I ordered gong jing chicken . and (pardon my translation from an english menu), as an appetizer, "grilled lamb".
i have only had gong jing chicken one other time - at Grand Sichuan in Bay Ridge (there are many posts, some positive, some negative about this dish at that place - which, generally, I think is almost as good as Spicy and Tasty and Little Pepper in Flushing, but not quite). Bob Martinez where are you?
This version, which the owner explained had been toned down just a little bit over time for American taste, was in my view (limited as it is) perfect. Adequate and deep, balanced spice (enhanced but not drowned out by a heaping plate of dried peppers, as I found it to be at GS) with a nice kick of abundant sichuan peppercorn. Excellent kick from the fried fresh hot green peppers. The dried-fried chicken seemed superbly done - crisp on the outside but not dry inside. Good balance and contrast provided by the browned garlic. One word came to my mind as I ate this: addictive.
The grilled lamb appetizer was very interesting but its nuance was probably lost on my uneducated palate. The piece of lamb was nicely grilled with some herb flavoring (but not, which I had hoped for, the more more fiery and complex grilled cumin-laden lamb like you find on the streets of flushing with the guys grilling on Royal Oak briquets by the side of the road). But the sauce was very interesting and unfamiliar - kind of like a toned-down bolognese under the grilled lamb (I know I got this wrong, but it was so unusual I am not sure how exactly to describe it). It was excellent, as well. After I saw what was going on, however, it seemed like the kebabs they were grilling might have been an even better option.
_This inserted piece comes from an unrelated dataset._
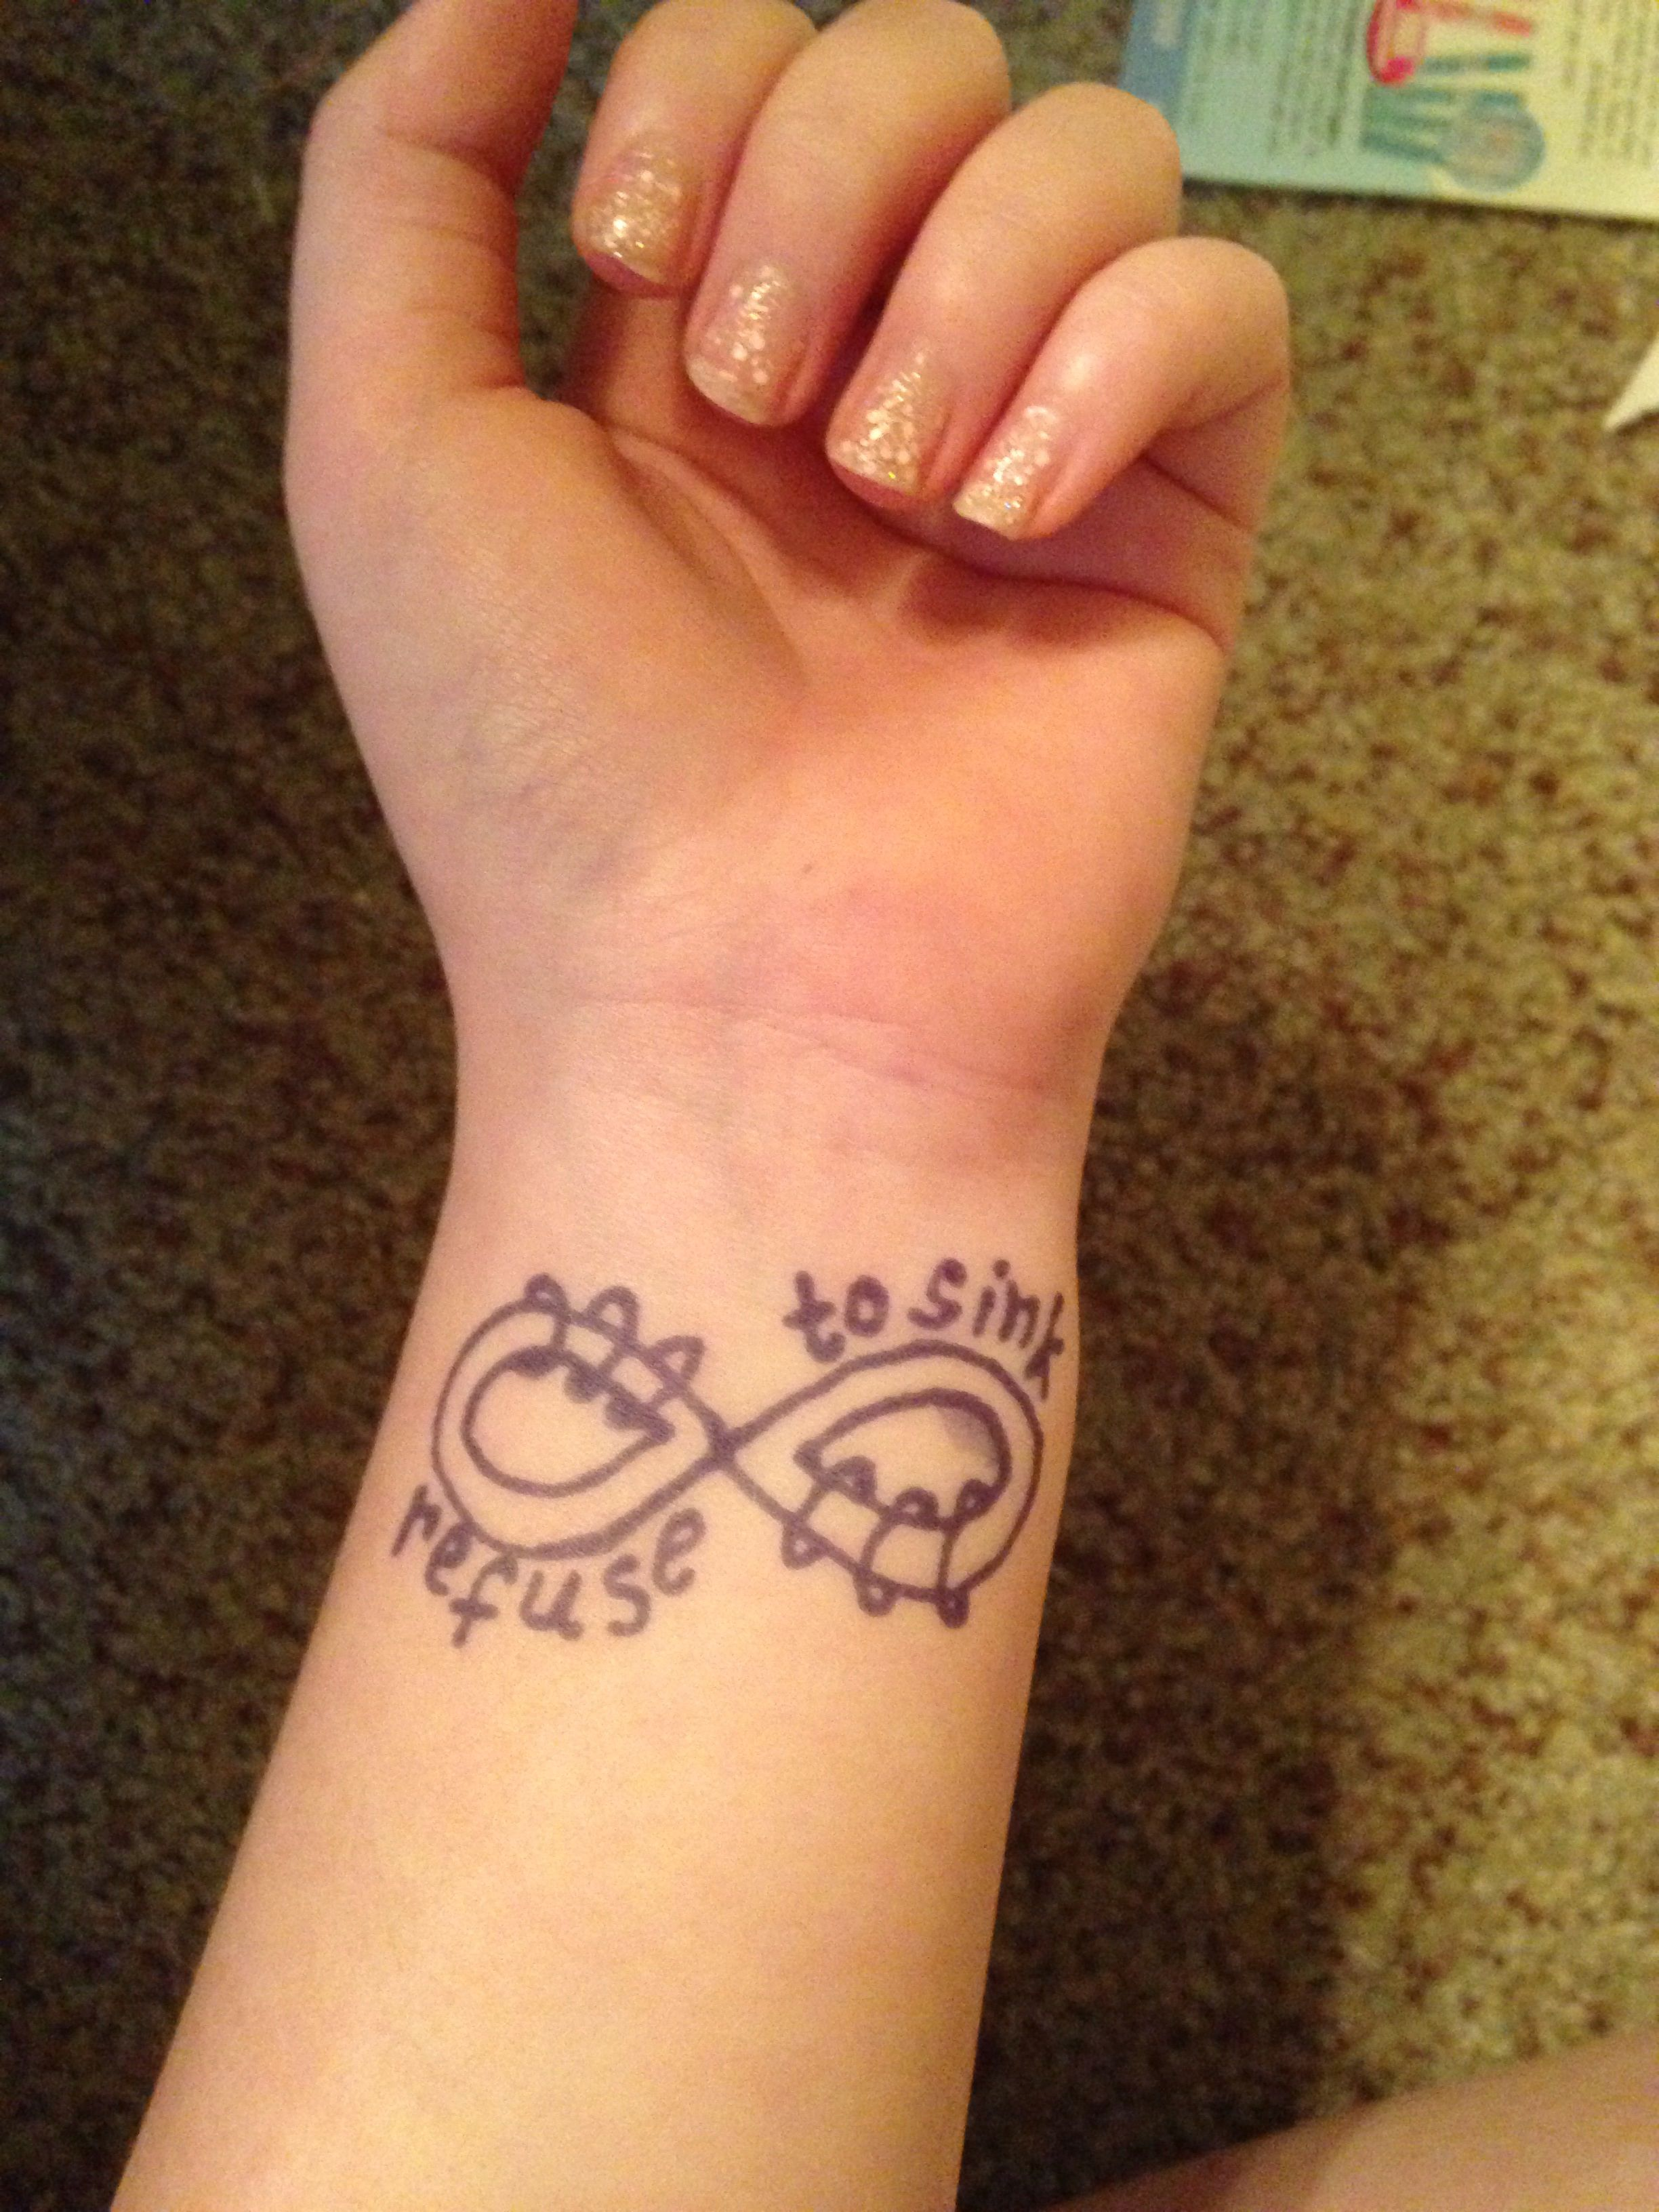 This is my henna tattoo Tattoos Pinterest Hennas and Tattoo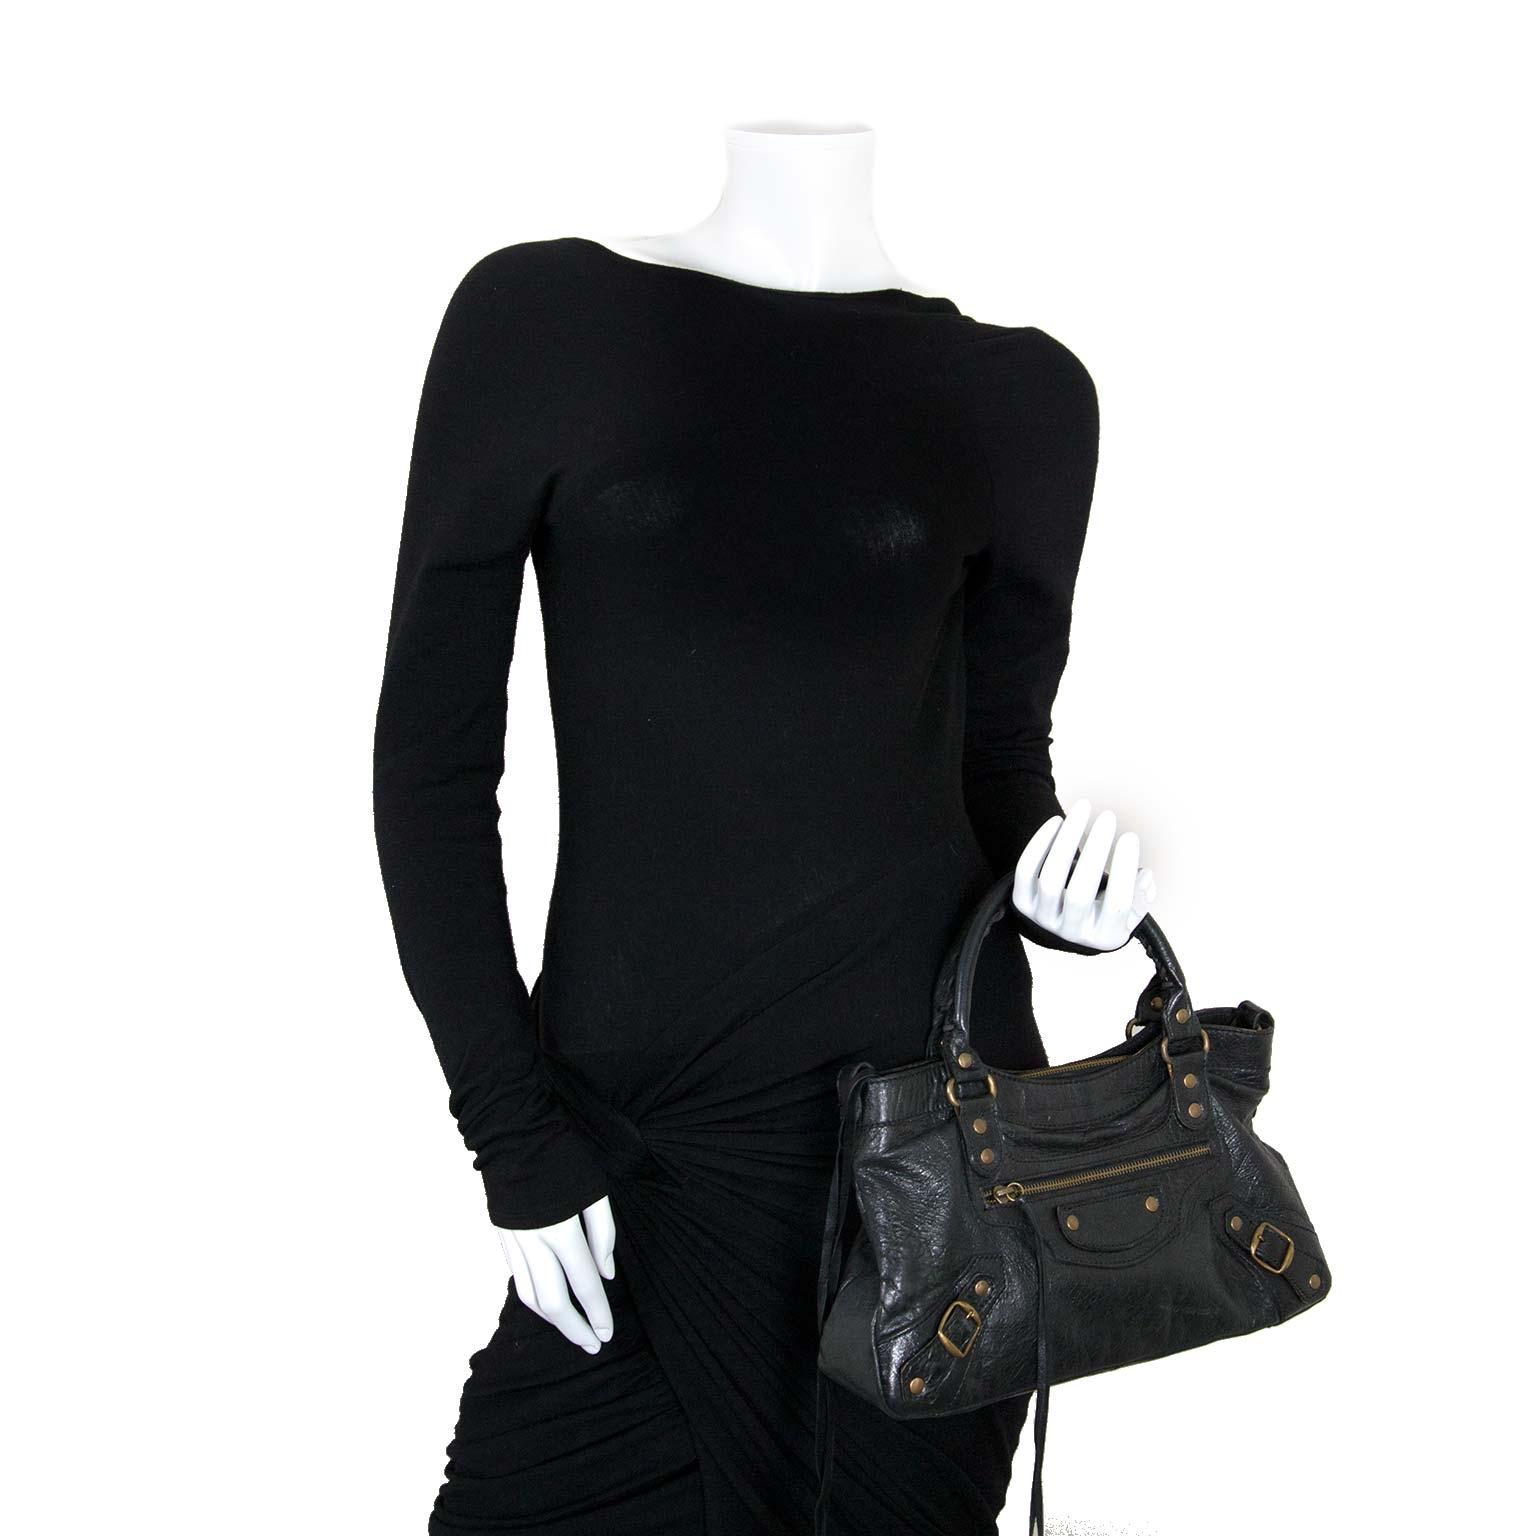 8421bec622878 ... balenciaga black classic first bag now for sale at labellov vintage  fashion webshop belgium

The owner was exceptionally nice and said that her husband - who had grown up in Sichuan Province- was adamant about cooking in an authentic style. She said that they had been open for about two months and that when they opened the people who first visited said that their food was too spicy and hot and, as a result, they have toned it down slightly. Unfortunately, on their menu they have decided to describe their dishes in relatively generic english - gong jing chicken is not named as such, it is called "spicy chicken", and so forth. The grilled lamb might have some more interesting name - its nuance and delicate nature would suggest that it deserves it - but, alas, it is described just as grilled lamb.
I have had so many "bastardized" and bad - if not ugly - interpretations of what an american palate might want to experience from some unfamiliar and exotic cuisine that this tiny shred of authenticity (maybe even in the same league as S&T and Little Pepper) warmed my soul. It seems to me that Sunset park has a number of these kinds of places (YSF is one) where good people are trying to re-create the food of their childhood - I hope they succeed. The world does not need another YF Changs or Chipotle Grill.